Méliès modeled the film's visual style on the engravings of Gustave Doré, who had illustrated the story for an edition of Perrault's fairy tales. (Doré was stylistically influential across Méliès's career, especially in this film and in his film adaptations of four other works Doré had illustrated: Red Riding Hood, Blue Beard, The Wandering Jew, and Baron Munchausen's Dream.) The direct inspiration for the film of Cinderella was probably a stage adaptation premiered in 1896 by the Théâtre de la Galerie-Vivienne and played by the Troupe Raymond at Méliès's own theatre of illusions, the Théatre Robert-Houdin, at Christmastime of 1897. Méliès may also have been inspired by the Théâtre du Châtelet's lavish 1895 stage production of the story.
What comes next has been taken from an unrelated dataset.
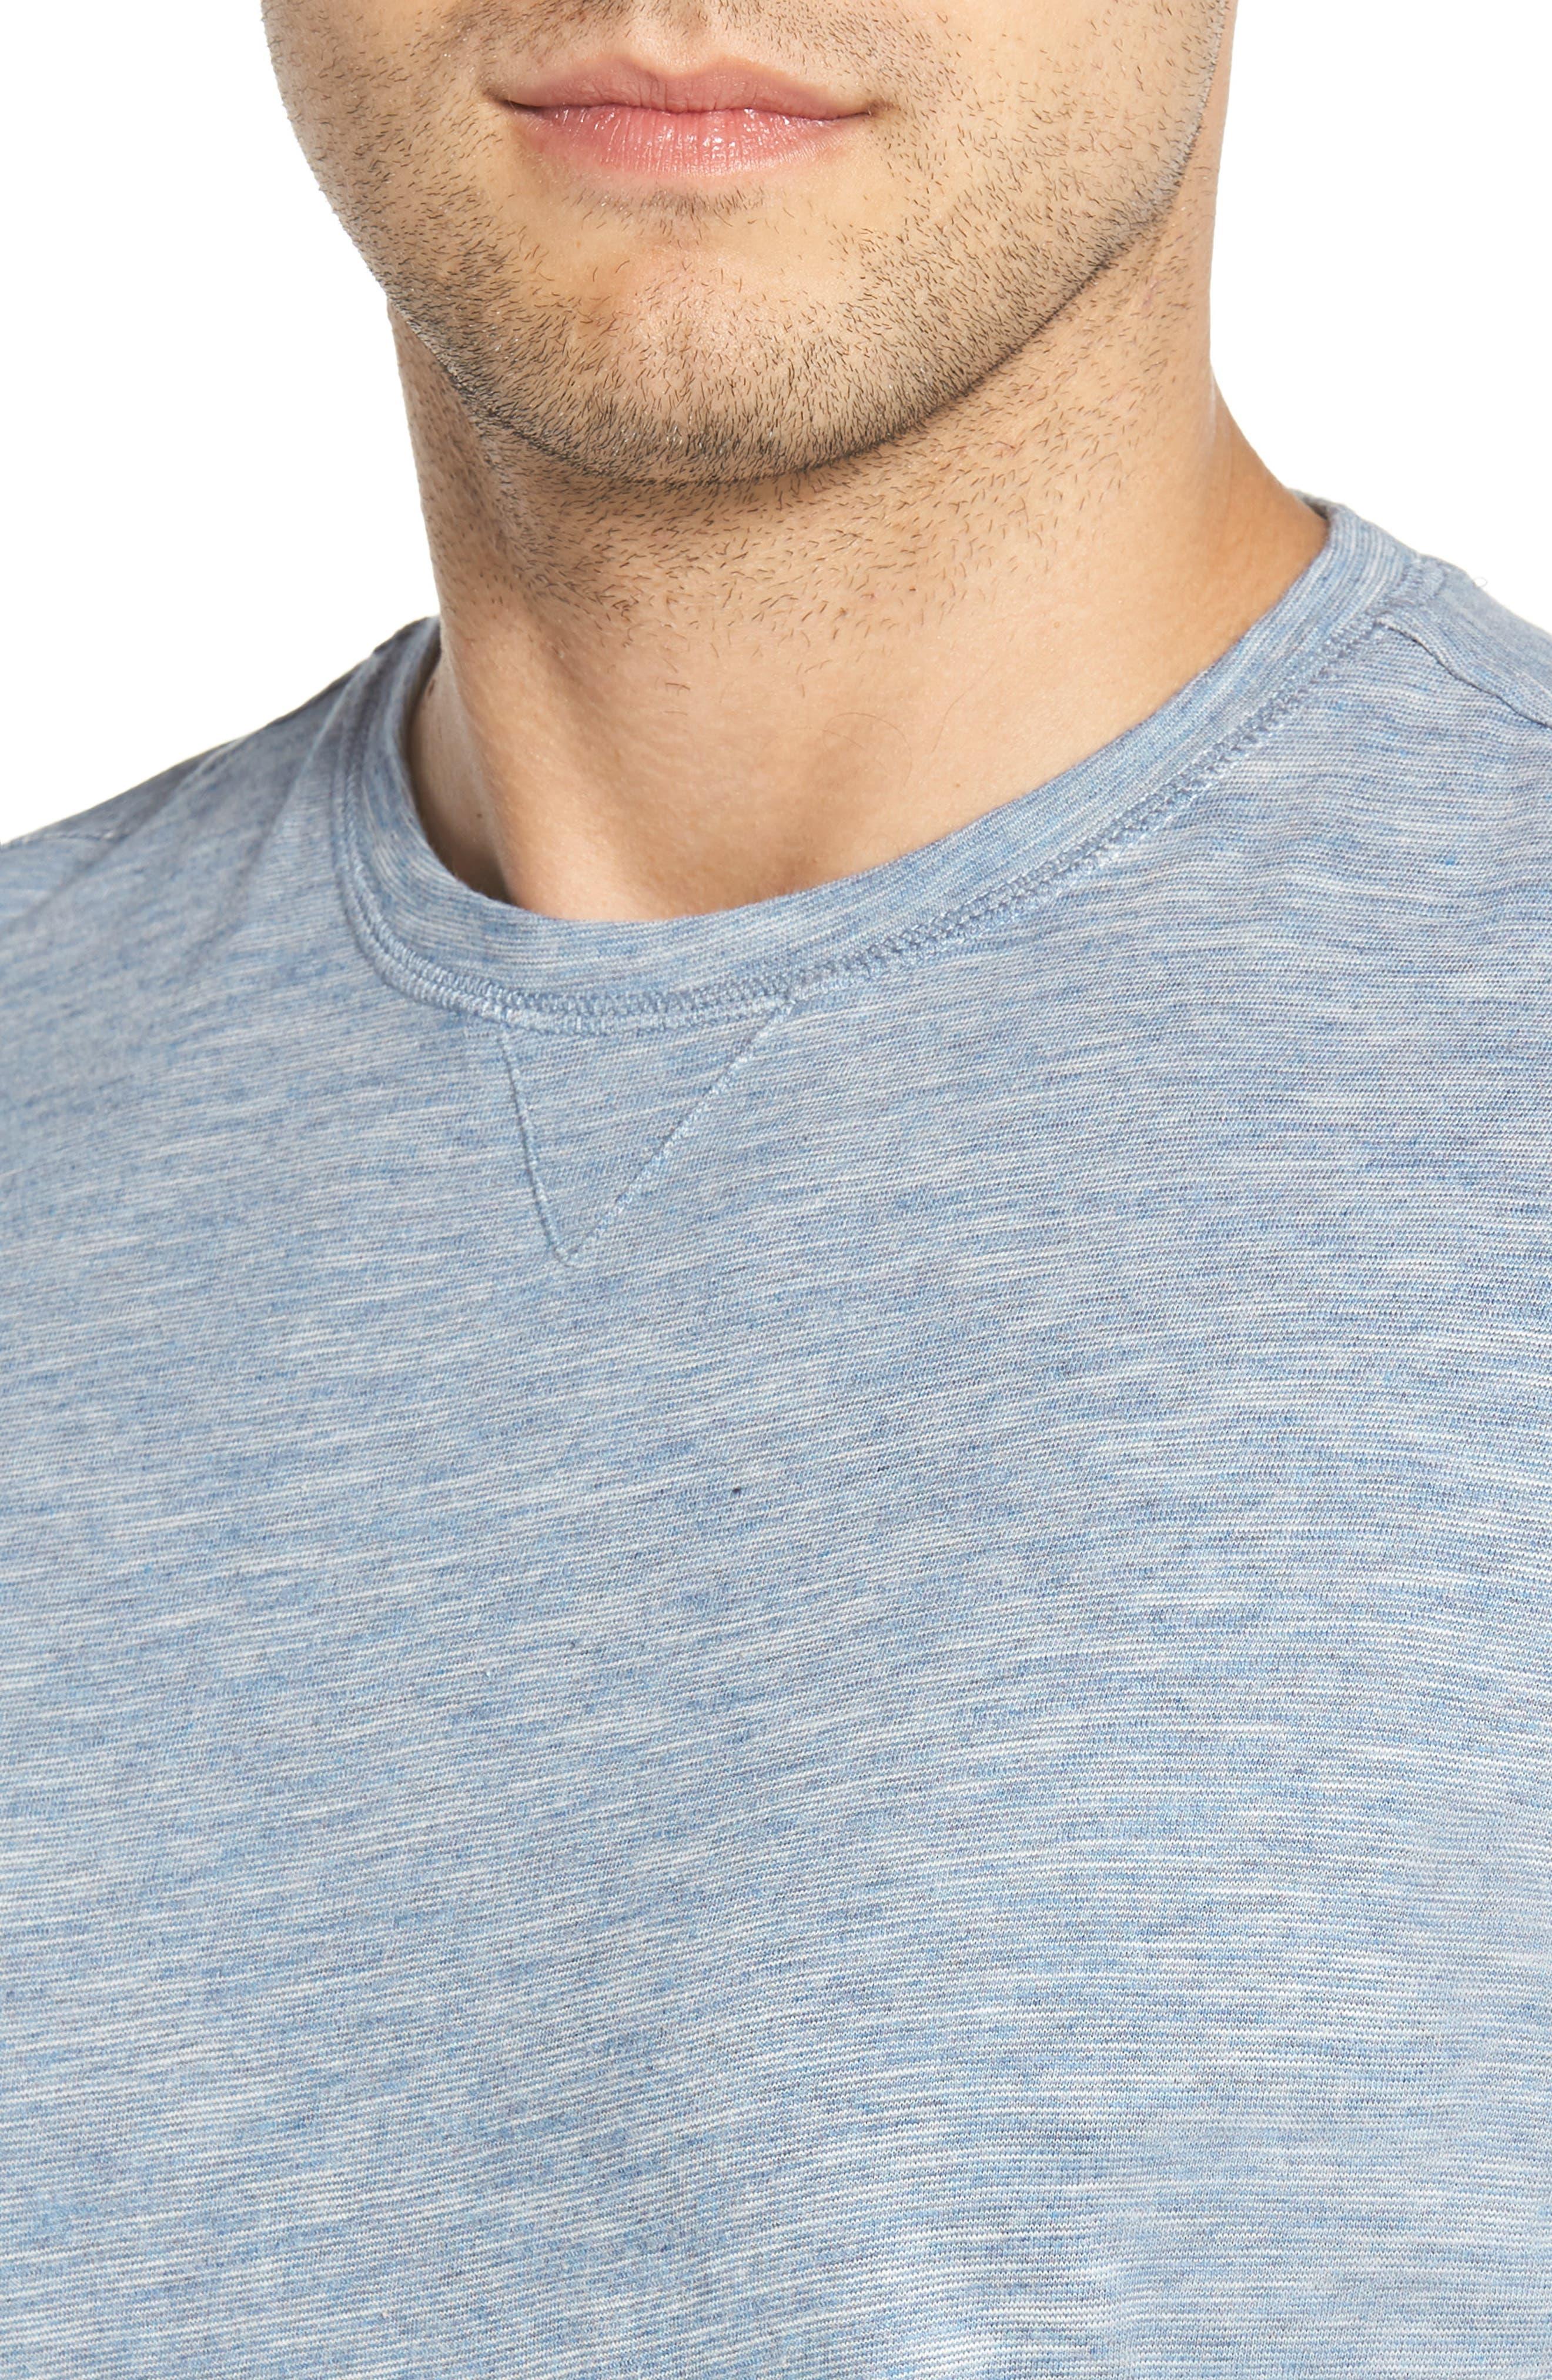 Slubbie Regular Fit Crewneck T-Shirt,                             Alternate thumbnail 4, color,                             021
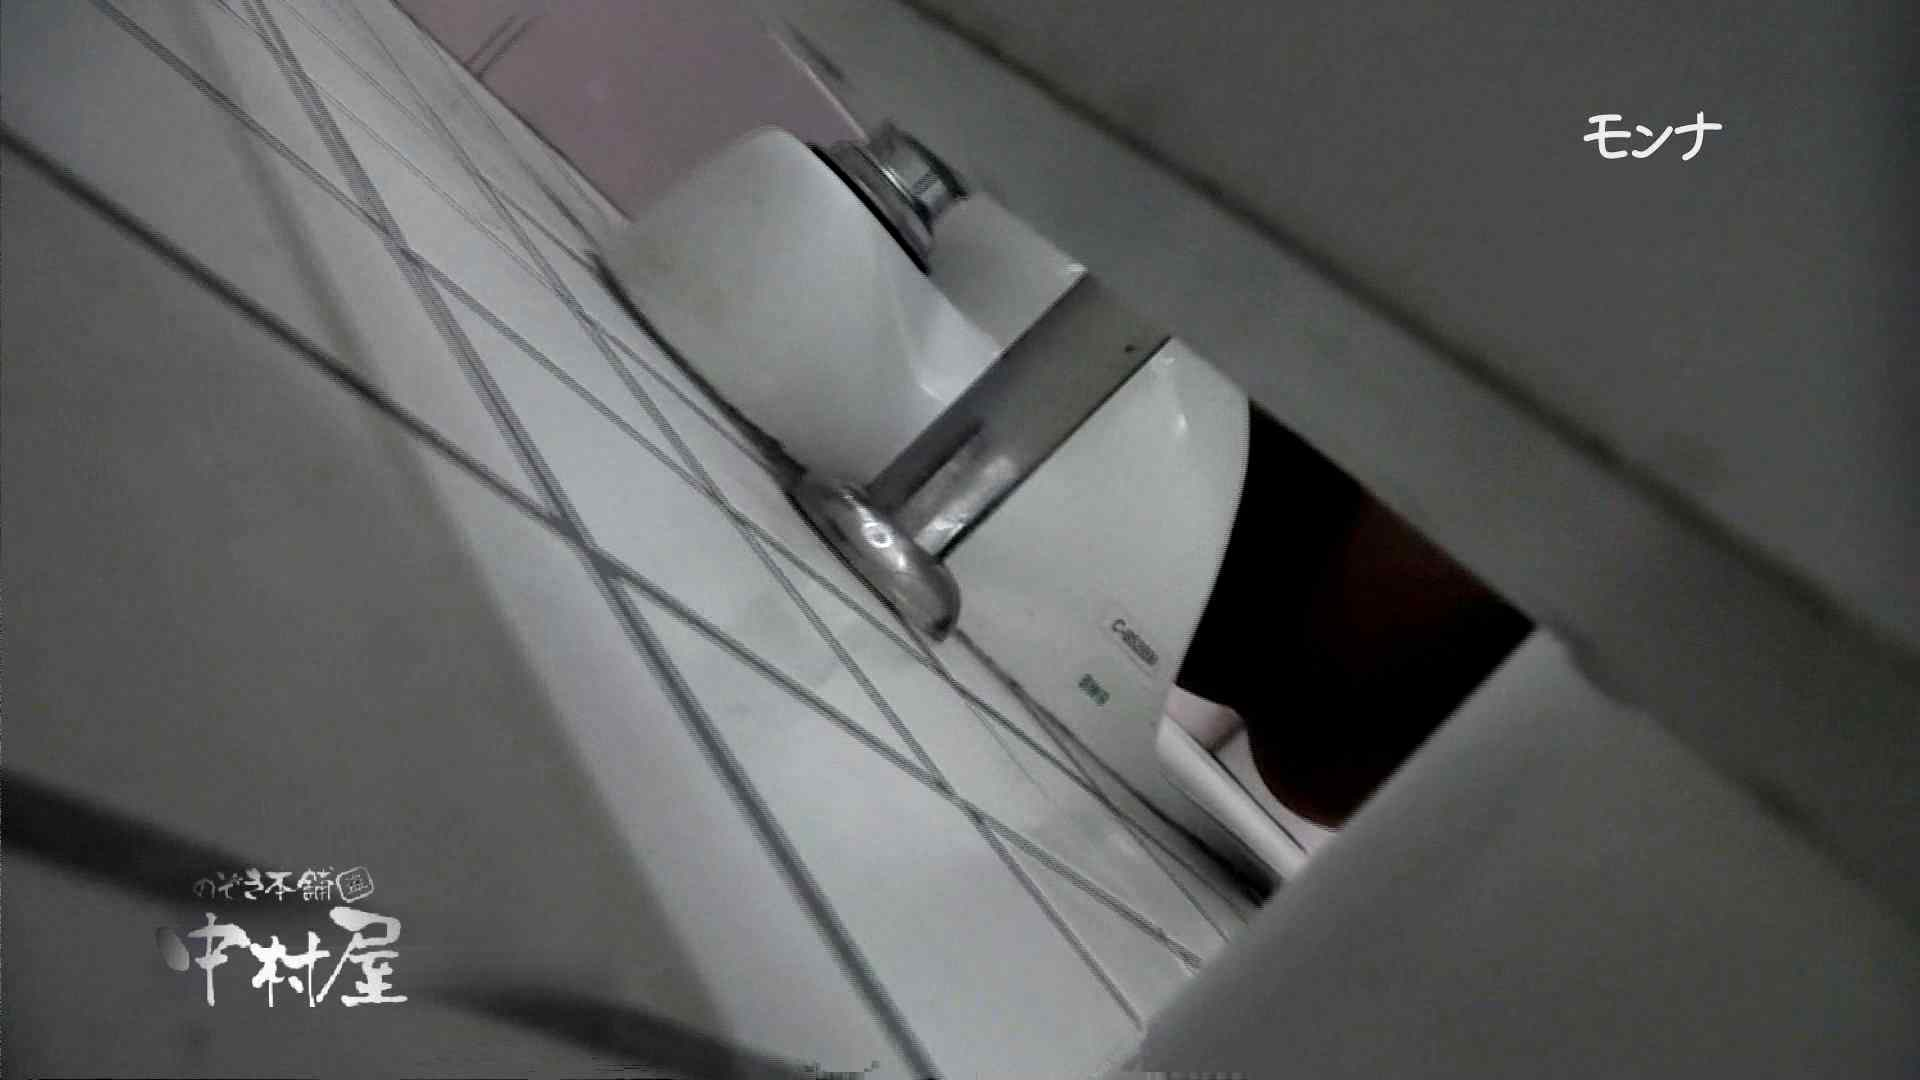 【美しい日本の未来】新学期!!下半身中心に攻めてます美女可愛い女子悪戯盗satuトイレ後編 悪戯 | 下半身  97pic 4

Cinderella was Méliès's first film with multiple scenes (tableaux), using six distinct sets and five changes of scene within the film. (His catalogue, by dividing the action into smaller beats, lists twenty tableaux within the film, a generous numbering probably devised for publicity reasons.) So many extras were used in Cinderella that Méliès designated a Chief Extra to lead them. The film's special effects were created with multiple exposures, dissolves, and substitution splices.

== Reception ==
Cinderella was Méliès's first major cinematic success. It did well both in French fairground cinemas and at European and American music-halls, and inspired Méliès to create other lavishly designed storytelling films with multiple scenes. His next film with multiple scenes, Joan of Arc (1900), was his first to surpass 200 meters of film in length, and was also a marked success. According to the film historian Lewis Jacobs, Cinderellas use of spectacle on screen also influenced the films of Cecil B. DeMille.

Méliès made another adaptation of the story, Cinderella or the Glass Slipper, in 1912 under the supervision of Pathé Frères. This version was not a success, partially because of directorial conflict between Méliès, Ferdinand Zecca, and Charles Pathé, and partially because Méliès's theatrical style had fallen out of fashion by 1912.